Him leaving in the middle of the night sounds very, very worrisome. If you have the ability, it would be better for you two to separate while he figures out what his priorities are and you figure out what you want in your life and are willing to tolerate. Your baby doesn't need to grow up in this kind of stress and you don't need to put up with being the person your husband comes to when there is nothing better to do. Get your own life in order. Take charge and stop waiting for him to do the right thing. YOU do the right thing and get your needs met. Your baby needs a happy mom and you deserve way better than this crap.

Don't get pregnant, whatever you do. See if someone will watch the baby while you go do something just for you that makes you happy like take a class, get out alone, get your hair done, go to the gym, etc.
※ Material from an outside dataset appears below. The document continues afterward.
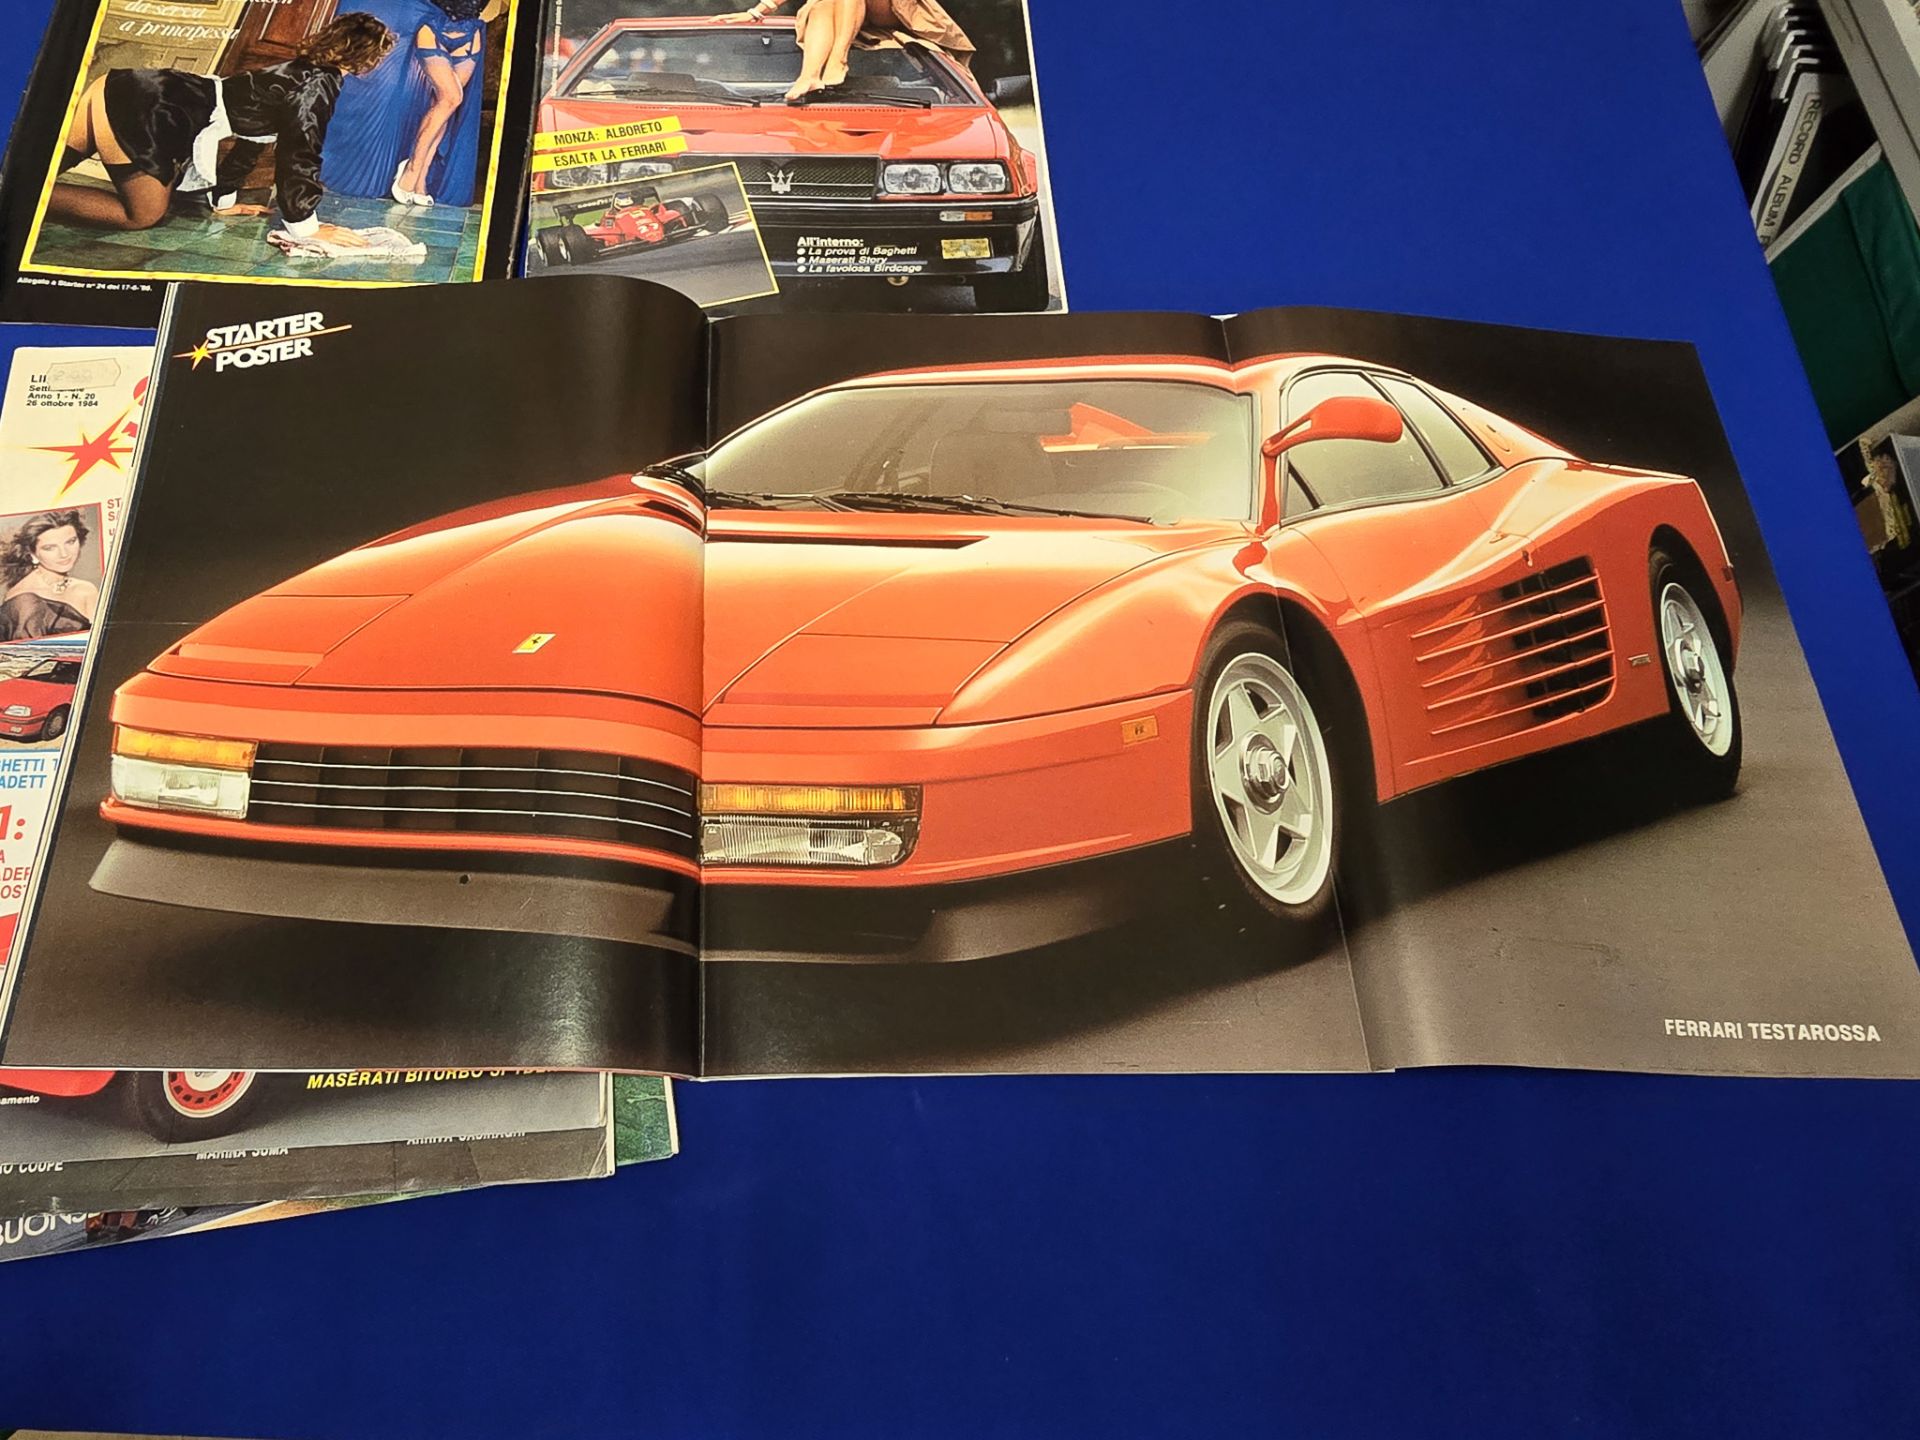 Large Collection of Starter Magazines Italian Cars and Glamour Ladies Ferrari alpha etc - Image 13 of 17

Hubby will say whatever it takes to get you off his back and keep things the way they are. Don't believe anything unless you see him stepping up. Usually separations take awhile to see if he has really gotten his head on or not, so don't expect him to come around and don't expect him to really hear you. He does this because he CAN and he has his priorities all screwed up.

Pack his crap, change the locks and tell him to come back when he grows up and wants a family because you won't live with a man who needs a mommy or who puts his family last on his list of priorities. It is unacceptable.

Take care of you and your baby and don't waste one more second reacting to his crap. Get your life together and live it right. If hubby wants to join the team, then I suggest he act like it. In the meantime, this is your life. Live it regardless of what he is or is not doing. ACT--Don't REACT.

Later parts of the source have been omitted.